You can judge another based on conduct. They either do or do not do something. The conduct is observable, and therefore capable of being judged. Now, however, Christ moves the battleground inside a person. It is now in the heart. On such terrain as that, man is incapable of knowing, and therefore, of judging.
He really can save you. He has that power. He holds those keys. Even death and hell are conquered by Him. (Mosiah 15: 7-9.) But His victory cannot become ours unless we repent and turn again to Him.
It seems too simple a thing to achieve so great a result. It has always been like that. (1 Nephi 17: 41.) Look to Him and be saved. Keep His commandments. Repent. He can and will lead you from wherever you find yourself at present back into the light. It really does not matter what foolish traps you have surrounding you. So soon as you turn to face Him, He will direct you back safely. Repent and keep His commandments and they will bring you to Him.
“Verily, verily, I say unto you, I give unto you to be the salt of the earth; but if the salt shall lose its savor wherewith shall the earth be salted? The salt shall be thenceforth good for nothing, but to be cast out and to be trodden under foot of men.”
How can salt “lose its savor” except through contamination or impurities? When that is lost, the salt cannot preserve. There is no remaining savor. Then the salt is nothing more than common dirt, to be cast aside and trodden under foot.
This is the gentile predicament in the last days. They will, of course, lose their savor. They will reject the fullness offered to them. (3 Nephi 16: 10.) When they do, they will be torn apart and trodden under foot. (3 Nephi 20: 16; 3 Nephi 21: 12.)
Notice it is the Lord who “gives unto you to be the salt of the earth.” This condition is a gift from God. Through repentance, or turning to Him, you can receive this. Without repentance you cannot become the salt.
There are no private lives. Every life counts. Your private devotions are more important than your public notice. The salt which preserves may be unknown, likely is unknown, to most people. But if you are the salt, then your private life of devotion to the Lord is saving the lives of many others. The angels want to begin the harvest. They are impatient to begin reaping and cutting down the wicked now. (D&C 86: 5.) There is only time given because of a few who deserve more time to grow in faith before the harvest begins. (D&C 86: 6-7.) Your growth is all that is keeping the harvest from beginning now. Therefore, how you proceed has consequences far beyond your own life.
When wheat is ripe it will be protected. When tares are ripe they will be burned. But the tender plants worthy of preservation are the only ones allowed more time. (D&C 86: 4.) I advocate for them and realize how tenuous a position humanity itself is in at present. But you are the ones in the balance and for whom time is granted. How much longer no one knows, but your sins are not private. Your repentance is critical to all of creation. Do not think your life is your own. All of us have a share in your good works.
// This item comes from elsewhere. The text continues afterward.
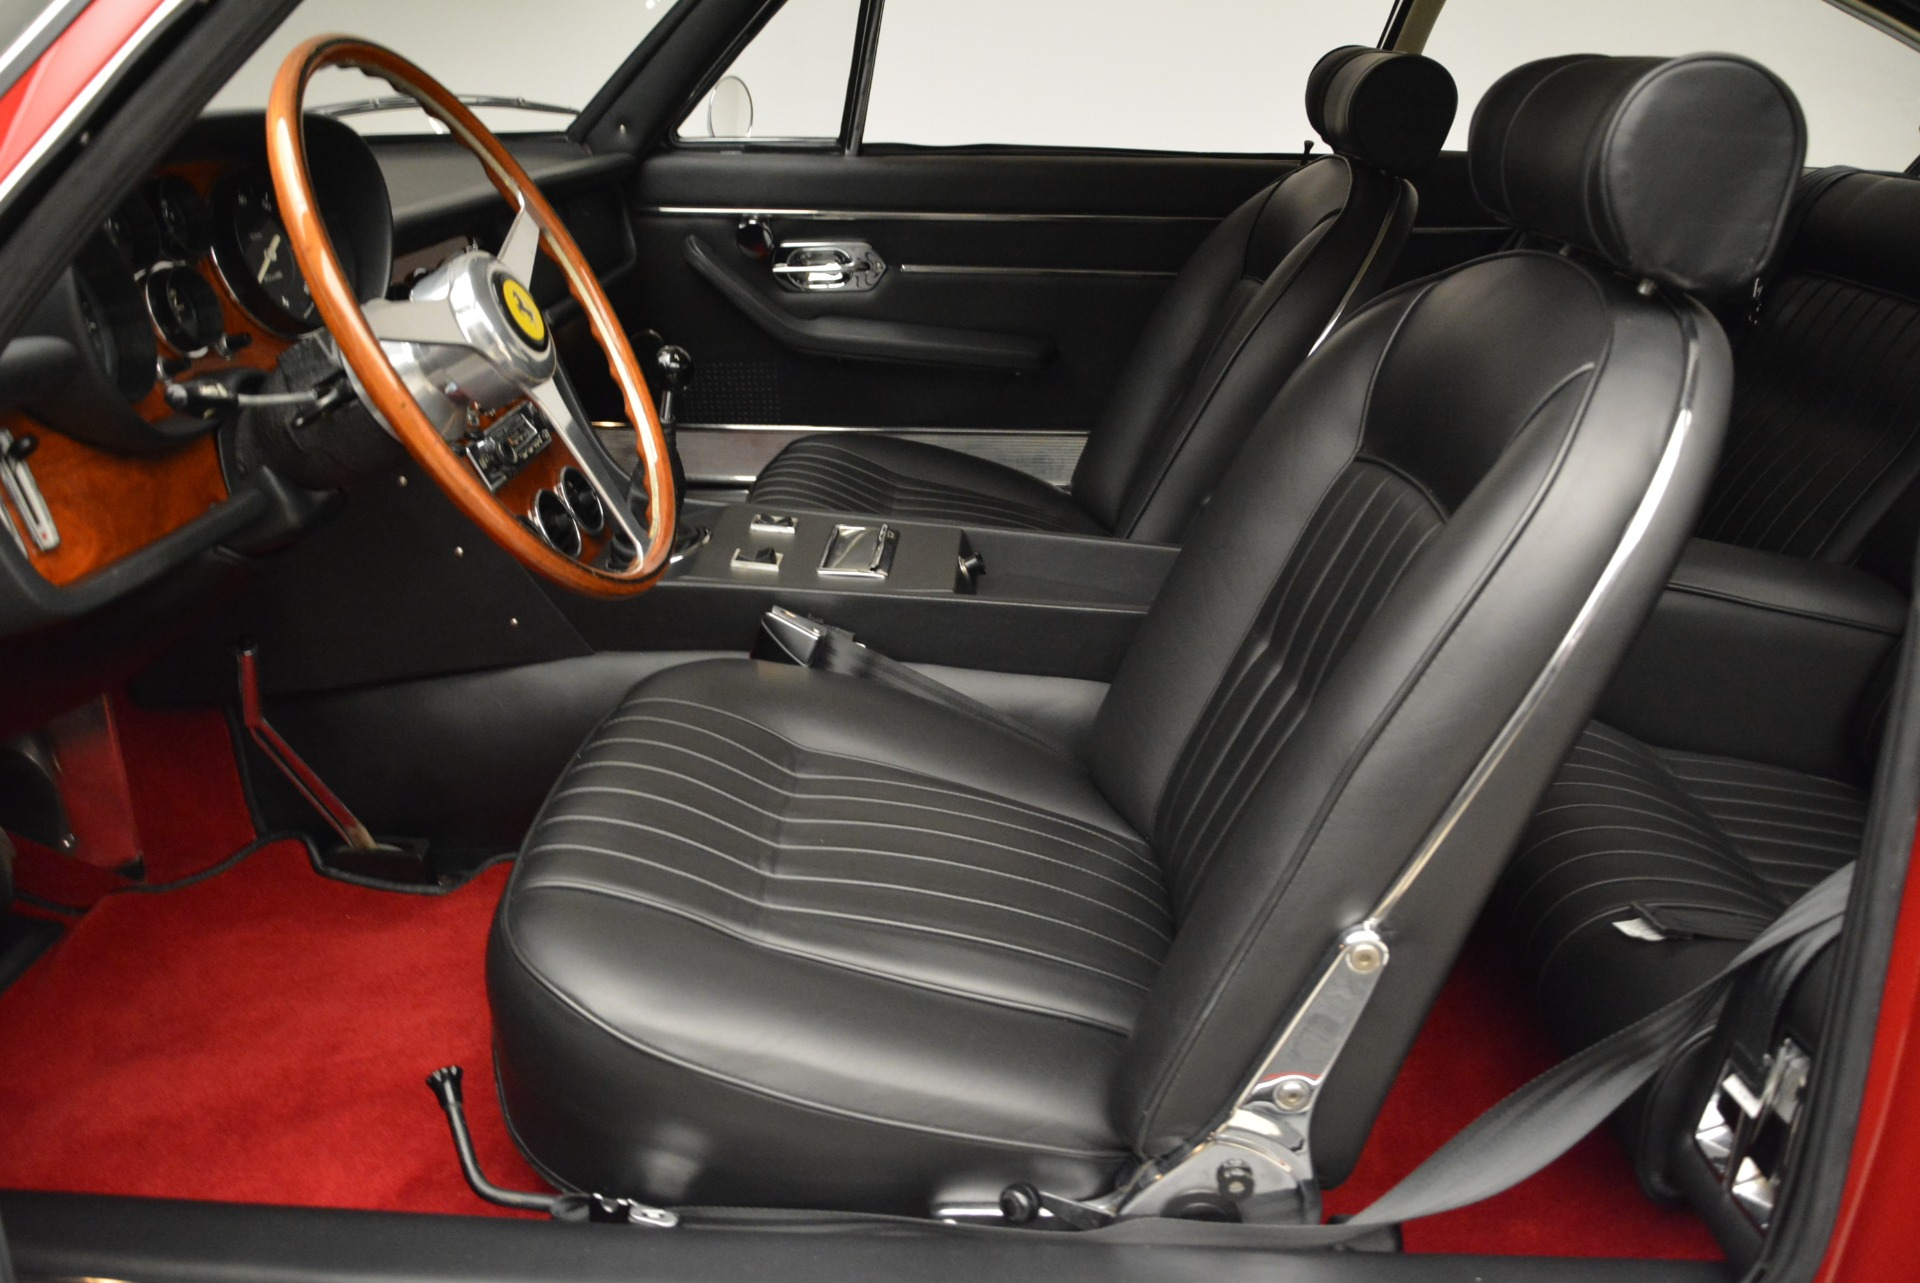 Used 1969 Ferrari 365 GT 2+2  For Sale In Greenwich, CT 1995_p14

Do not think the Savior’s words are without cosmic significance. I define “cosmic” to include the cosmos or organized creation here. Even the earth itself longs to be freed from the burden of sin upon her face. (Moses 7: 48.) It is the Lord alone who has granted you time to repent. This current state of the creation we live is affected by the promise held in those who are repenting. As soon as that hope ends, and no further repentance is to occur, then the harvest will begin. Therefore, becoming salt has never been so important as it now is.
He speaks about the heart, rather than the hands and feet. Christ is speaking about beholding God, unlike the retreat Israel took from the offered opportunity at Sinai. (See D&C 84: 22-25.) He is returning to the time of Moses, when a higher way might have been chosen.
It is also interesting that what must be “pure” is the “heart.” There are so many other things one might measure. But what the Lord looks upon to determine purity is the “heart.”
How few hearts are pure before God. How rare a thing it is to contemplate such a person. How few we produce in this restoration of the Gospel. We remain as a people too low, too mean, too vulgar, too condescending to be called of God. No wonder we stumble and fall backward and many are taken in snares. (Isa. 8: 11-17.)
The standard applied to us is the standard we apply to others. This is repeatedly set out in scripture:
Alma teaching his son Corianton recorded: “Therefore, my son, see that you are merciful unto your brethren; deal justly, judge righteously, and do good continually; and if ye do all these things then shall ye receive your reward; yea, ye shall have mercy restored unto you again; ye shall have justice restored unto you again; ye shall have a righteous judgment restored unto you again; and ye shall have good rewarded unto you again. For that which ye do send out shall return unto you again, and be restored; therefore, the word restoration more fully condemneth the sinner, and justifieth him not at all.” (Alma 41: 14-15.)